Progress in the Direct Application of Pharmacogenomics to Patient Care: Sustaining innovation

  • Burckart, Gilbert J. (Department of Pharmacy, University of Southern California) ;
  • Frueh, Felix W. (Office of Clinical Pharmacology, Center for Drug Evaluation and Research, US Food and Drug Administration) ;
  • Lesko, Lawrence J. (Office of Clinical Pharmacology, Center for Drug Evaluation and Research, US Food and Drug Administration)
  • Published : 2006.11.10

Abstract

The application of the knowledge from the Human Genome Project to clinical medicine will be through both industrial drug development and the application of pharmacogenomics (PG) to patient care. The slow uptake of clinical innovations into clinical practice can be frustrating, but understanding the history of acceptance and sustaining medical innovation is critically important to position PG to succeed.
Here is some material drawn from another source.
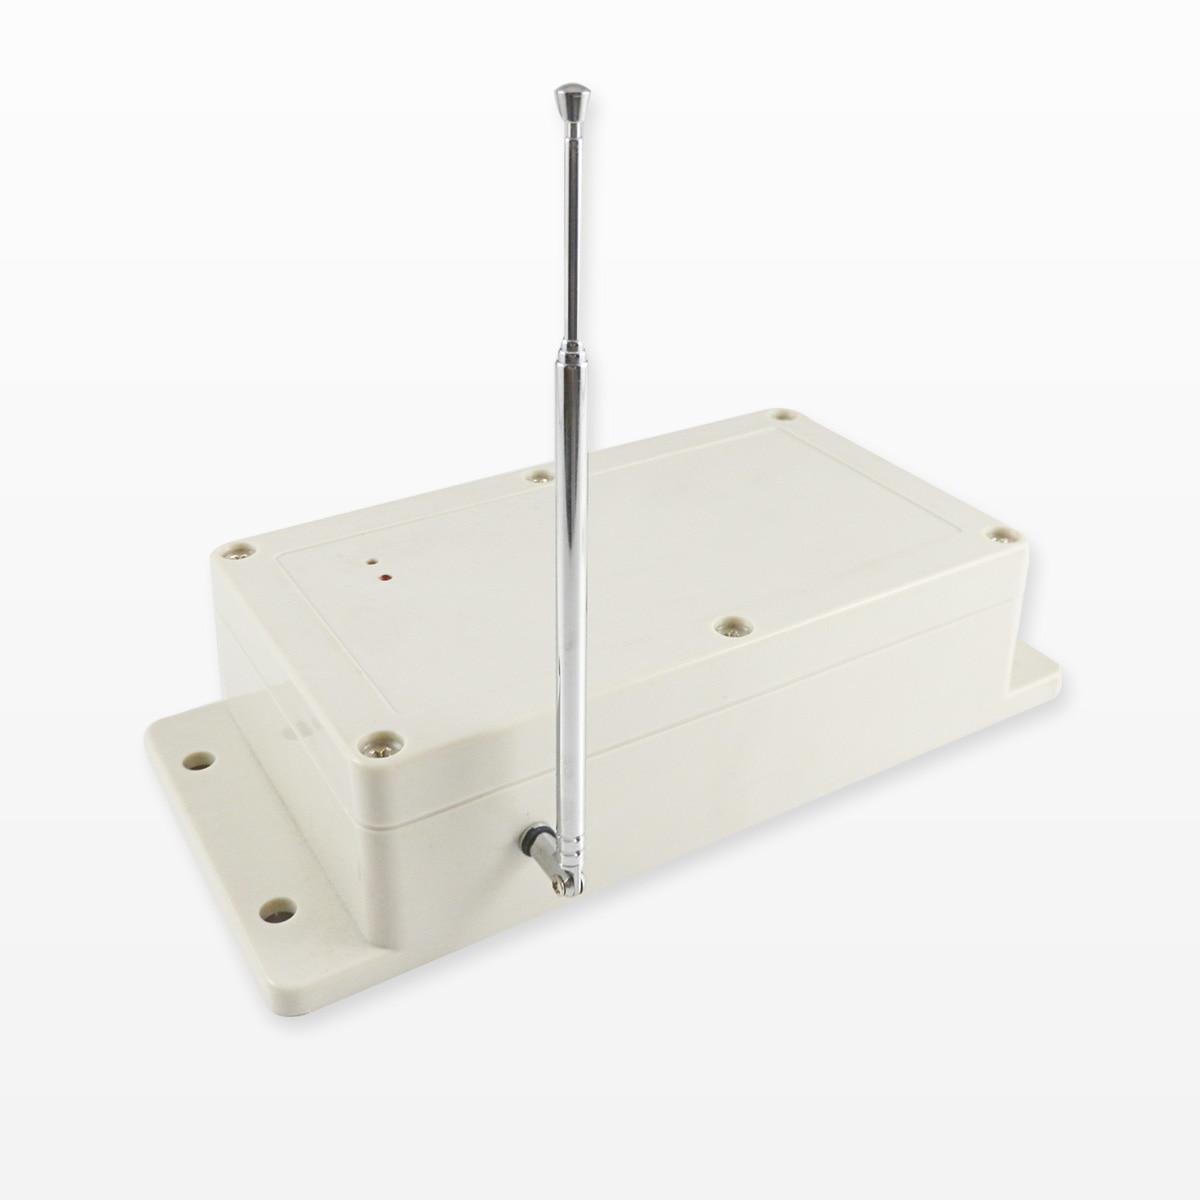 Wireless Signal Extender Household Wireless Alarm Burglar Alarm Signal Enhanced YSQ001 цена

This primarily means that PG tests must have legitimacy; they must be thoroughly validated, must be cost-effective, must be widely accepted by medical practitioners, must be supported by public policy, and must have a way of being easily incorporated into current medical practice. They must also lead to actionalble decisions by health care providers for their patients. Innovative PG assays should be tested in the best US laboratories, and reimbursement for testing must be accepted at the federal and state level. The companies providing these PG tests should be capable of supporting the interpretation and use of the test throughout medical practice. Advances such as the addition of PG information to drug labeling and the routine use of validated biomarkers to determine choice of cancer chemotherapy have been made. The PG research community must pay attention to the principles that have been previously described for acceptance and sustaining medical innovations in order for PG to be widely accepted in clinical medical practice.